Personal information
- Full name: Benaiah Ioelu
- Born: 23 February 2004 (age 22) Auckland, New Zealand
- Height: 180 cm (5 ft 11 in)
- Weight: 91 kg (14 st 5 lb)

Playing information
- Position: Hooker
Club
| Years | Team | Pld | T | G | FG | P |
| 2025– | Sydney Roosters | 14 | 0 | 0 | 0 | 0 |
Representative
| Years | Team | Pld | T | G | FG | P |
| 2025 | Samoa | 3 | 0 | 0 | 0 | 0 |
- Source: As of 13 March 2026

= Ben Ioelu =

Samoa international rugby league player

Benaiah Ioelu (born 23 February 2004) is a Samoa international rugby league footballer who plays as a for the Sydney Roosters in the National Rugby League.

==Background==
Ioelu attended Tangaroa College being a prominent member of the U15's team.

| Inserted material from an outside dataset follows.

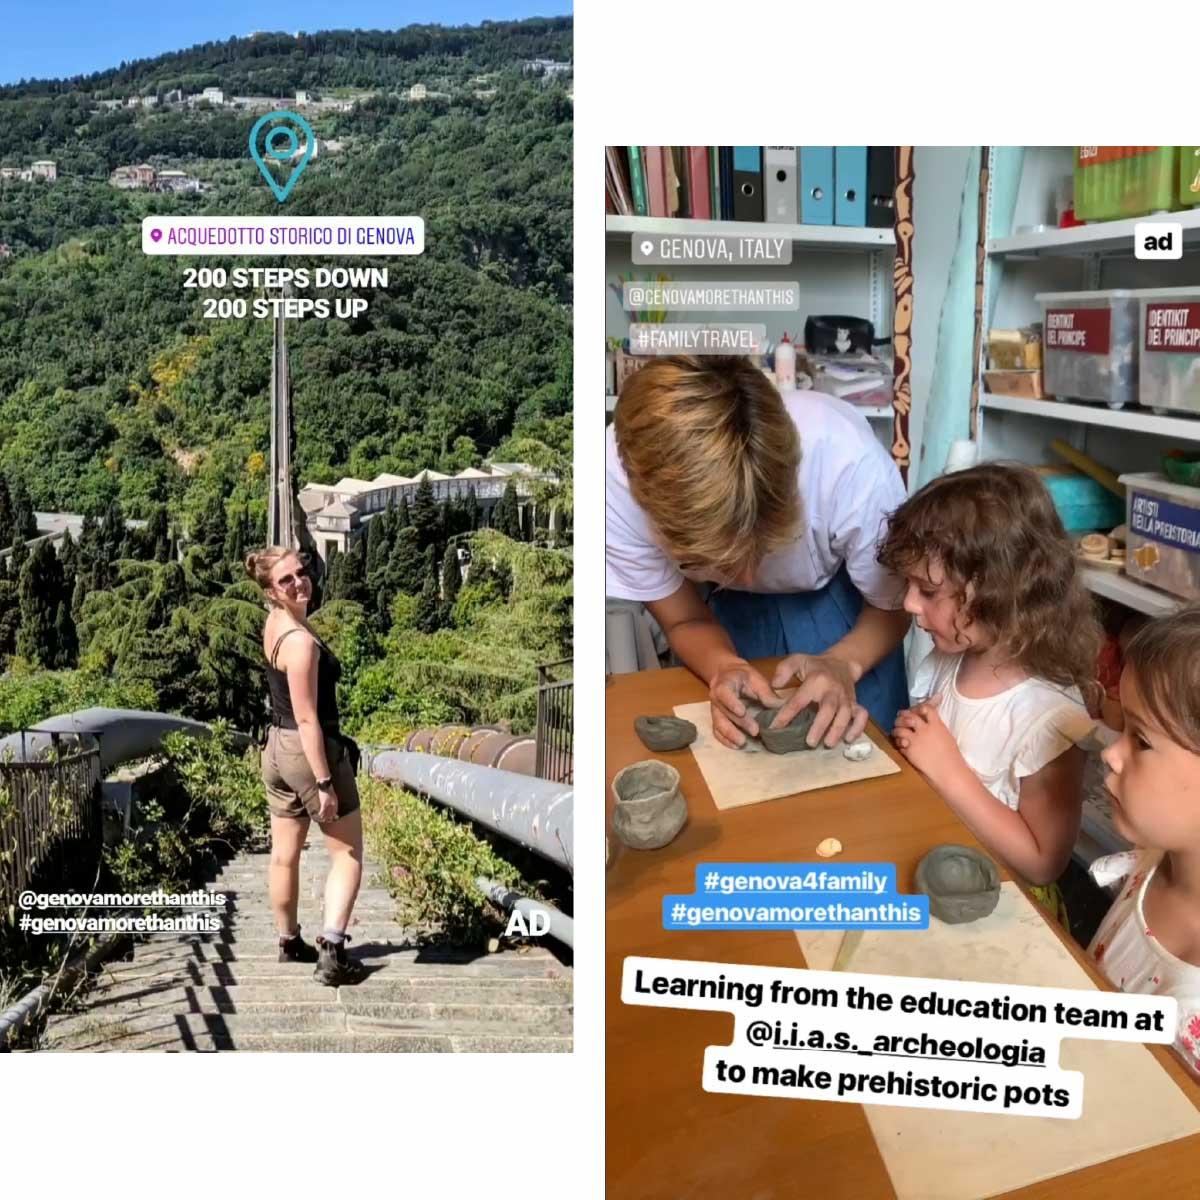 comune-di-genova-influencer-marketing-turismo-influencer-marketing-3

He signed for the New Zealand Warriors as a 15 year old in 2019 before moving to the Sydney Roosters in 2020.

==Career==
In Round 12 2025, Ioelu made his NRL debut for the Roosters against the Cronulla Sharks at Central Coast Stadium. He started at Hooker in a 42-12 win.

Ioelu played 12 games in his rookie season, being named in the Samoa national squad for the 2025 Pacific Championships. Ioelu re-signed with the Roosters til the end of 2028.